Answer to Problem 20E

  $E^0{}_{cell}$ of the reaction = 0.70 V

As $E^0{}_{cell}$ is positive, hence the reaction is spontaneous.

Explanation of Solution

The given reaction with oxidation state is:

  ${\text{Au}}^{\text{+3}}(aq)+\stackrel{0}{\text{Ag}}(s)\rightleftharpoons {\text{Ag}}^{\text{+}}(aq)+\stackrel{0}{\text{Au}}(s)$

From the reaction is it clear that Ag undergo oxidation and Au undergoes reduction.

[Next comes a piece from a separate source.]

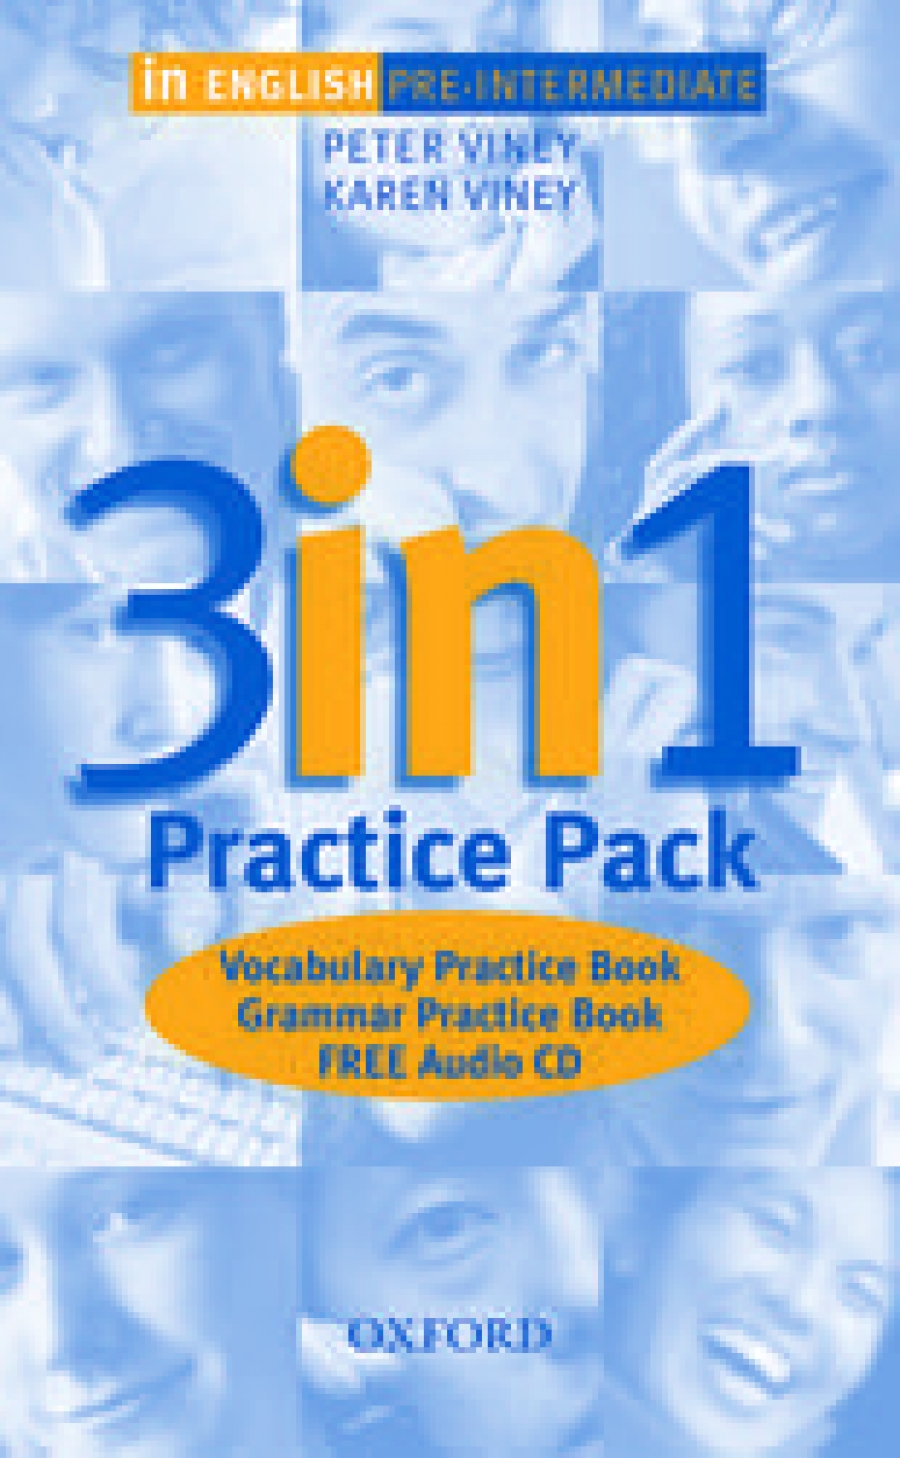 Peter Viney, Karen Viney In English Pre-Intermediate 3-in-1 Practice Pack 
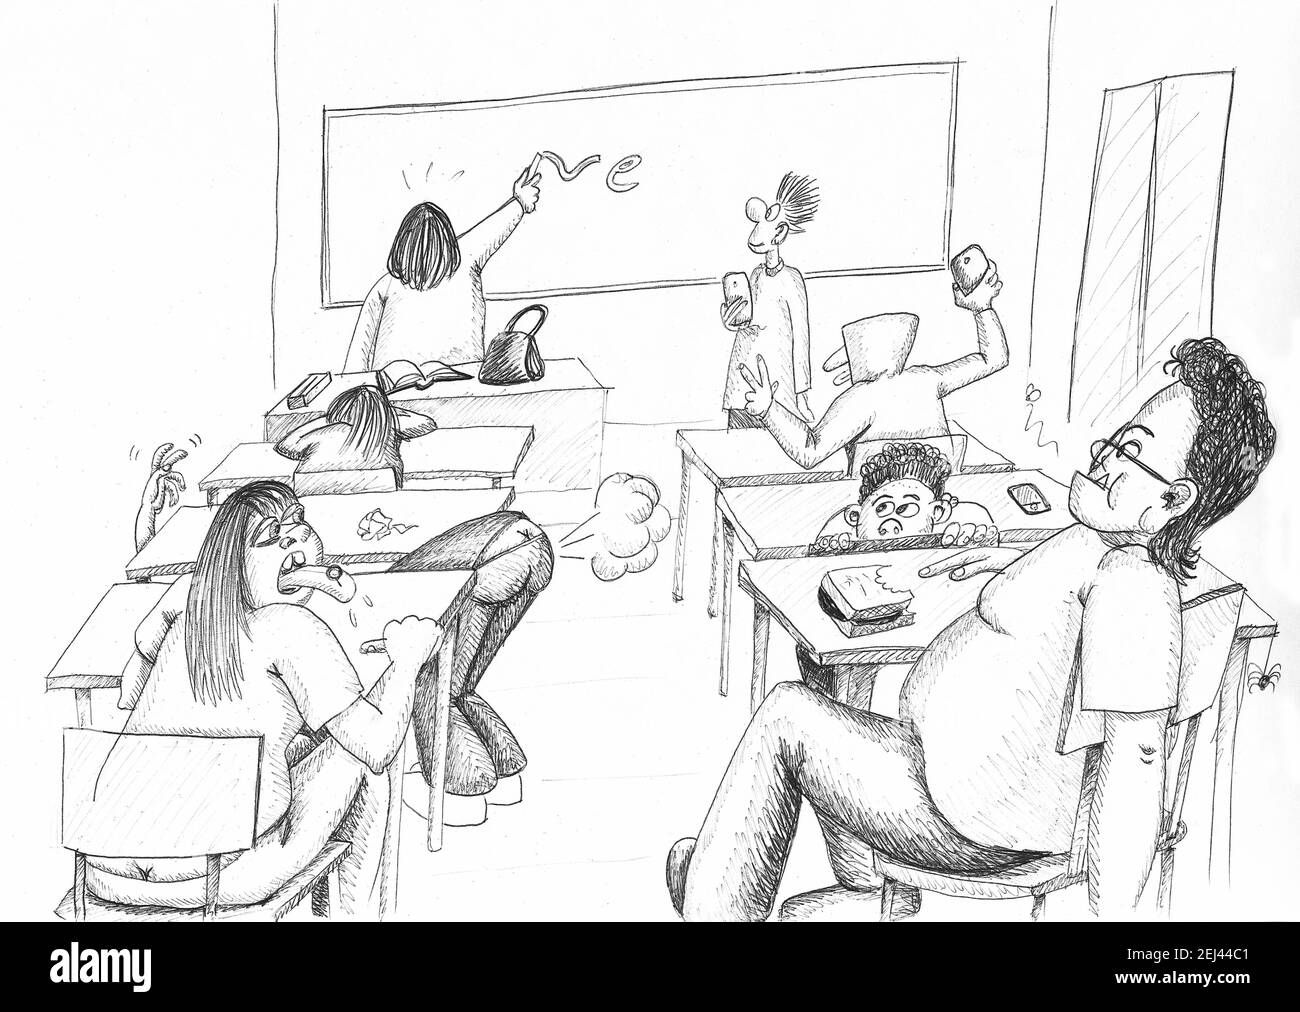 Students at school, behaving badly. Illustration. Stock Photo

Multiply oxidation half with 2 and reduction half with 5 to balance the electron gained and electron lost we get:

  $\begin{array}{l}3\stackrel{}{\text{Ag}}(s)\to 3{\text{Ag}}^{\text{+}}(aq)+3e^{=}\\ {\text{Au}}^{\text{3+}}(aq)+3e^{-}\to \text{Au}(s)\end{array}$

Adding both the reaction we get the balanced equation:

  ${\text{Au}}^{\text{+3}}(aq)+3\stackrel{}{\text{Ag}}(s)\rightleftharpoons 3{\text{Ag}}^{\text{+}}(aq)+\stackrel{}{\text{Au}}(s)$

Now calculate cell potential using values from Table 11.1 as,

As $E^0{}_{cell}$ is negative, hence the reaction is non-spontaneous.

  $\begin{array}{l}{E}^0{}_{cell}=E^0{}_{cathode}-E^0{}_{anode}\\ =1.51-(0.80)\\ =0.70\text{V}\\ \end{array}$

As $E^0{}_{cell}$ is positive, hence the reaction is spontaneous.